Mi escale ardiente en el hotel del aeropuerto

Estaba en la sala de embarque, Madrid-Barcelona retrasado dos horas. Olor a café quemado del bar, anuncios de vuelos resonando: ‘Última llamada para París…’. Me aburría, sentada con las piernas cruzadas, falda corta subiendo un poco. Nada debajo, como siempre en viajes. Mi coño depilado al completo, liso, sintiendo el aire acondicionado rozándome.

Él apareció: alto, moreno, traje arrugado, maleta de mano. Nuestras miradas se cruzaron. Sonrisa. Se acercó al bar, pidió un gin-tonic. Yo pedí otro. ‘¿Retraso también?’, dijo con acento francés. ‘Sí, joder, qué putada’, respondí riendo. Charlamos: viajes, estrés, lo efímero de una escale. ‘Hay un hotel al lado, cinco minutos. ¿Café allí?’, propuso. Dudé un segundo. ‘Vale, ¿por qué no? Solo unas horas libres.’ Adrenalina subiendo. Anonimato total, sin mañana.

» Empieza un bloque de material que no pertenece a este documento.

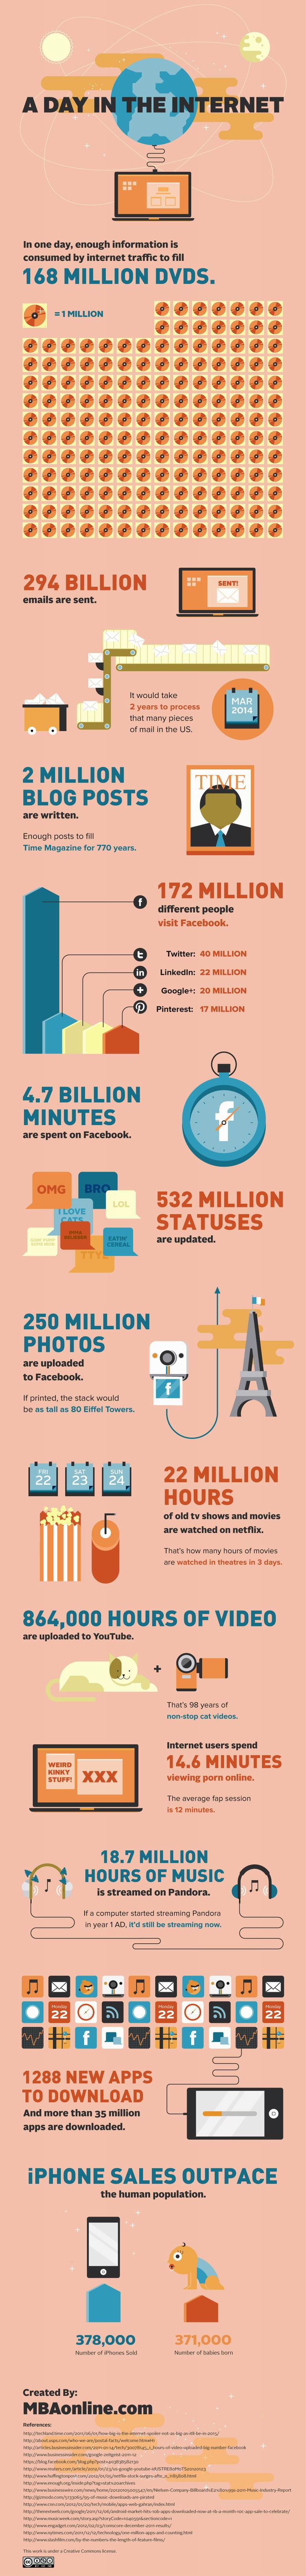 A Day In The Life Of The Internet [INFOGRAPHIC]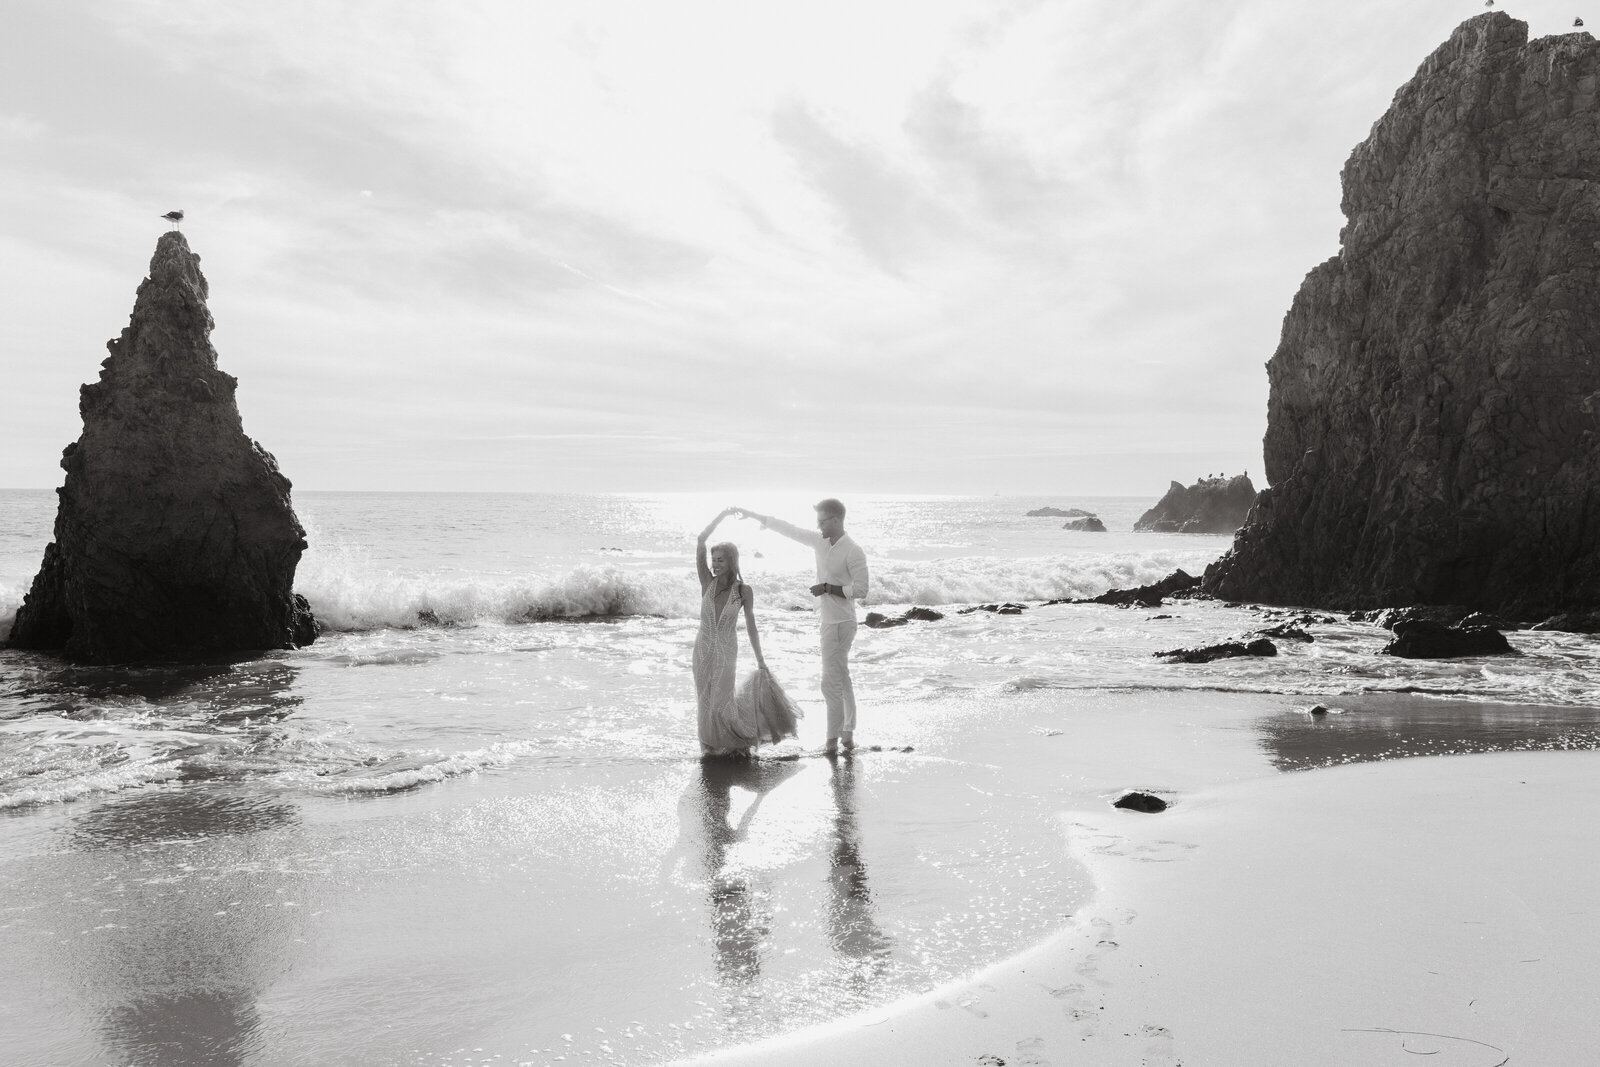 West Coast wedding dreams realized at El Matador Beach. Sunset portraits, ocean breezes, and timeless romance captured in black & white.

El cruce de miradas en la sala de embarque

Llegamos al hotel cutre, recepción desierta, olor a desinfectante. Habitación impersonal: sábanas blancas crujientes, clim frío erizándome la piel. Cerró la puerta. ‘Eres preciosa’, murmuró, besándome el cuello. Manos en mi falda, subiéndola. ‘Nada de bragas… puta madre’, jadeó. Le bajé el pantalón, polla dura saltando, depilada también, huevos lisos. ‘Me la has puesto tiesa en el bar’, dijo.

Nos tiramos en la cama. Le chupé la polla, lengua en el glande, tragándomela hasta la garganta. ‘Joder, qué boca’, gruñó, cogiéndome el pelo. Me volteó, cara en las sábanas. Lengua en mi coño, lamiendo labios, clítoris hinchado. ‘Estás chorreando, puta cachonda’. Dedos dentro, curvados, tocando punto G. Gemí fuerte, ‘¡Más, métemela entera!’. Me comió el culo, lengua girando en el ano, succionando. ‘Qué culito liso, delicioso’.

La follada intensa antes del amanecer

No aguanté. ‘Fóllame ya, hostia’. Condón puesto, me penetró de un empujón, polla gruesa abriéndome. Ritmo brutal, cama chirriando, piel contra piel sudorosa. ‘¡Más duro, rómpeme el coño!’, grité. Cambiamos: yo encima, cabalgando, tetas botando, uñas en su pecho. Él pellizcándome pezones, ‘Córrete, zorra’. Orgasmos explosivos, yo temblando, él llenando el condón.

Descanso corto, sudados, clim zumbando. Segunda ronda: perrito contra la ventana, luces del aeropuerto parpadeando. Me corrí dos veces más, él eyaculando en mi boca, tragando todo. ‘Eres una diosa del sexo’.

Amaneció. Anuncio en el móvil: vuelo en 45 minutos. Ducha rápida, agua caliente lavando fluidos. ‘Ha sido brutal’, dijo besándome. ‘Sin nombres, sin arrepentimientos’. Bajamos, café en recepción, olor a aeropuerto filtrándose. Nos separamos en la puerta: ‘Buen viaje’. Yo corrí a embarque, coño palpitando, sabor a polla en la lengua. Recuerdo grabado en mi equipaje de mano, listo para la próxima escale.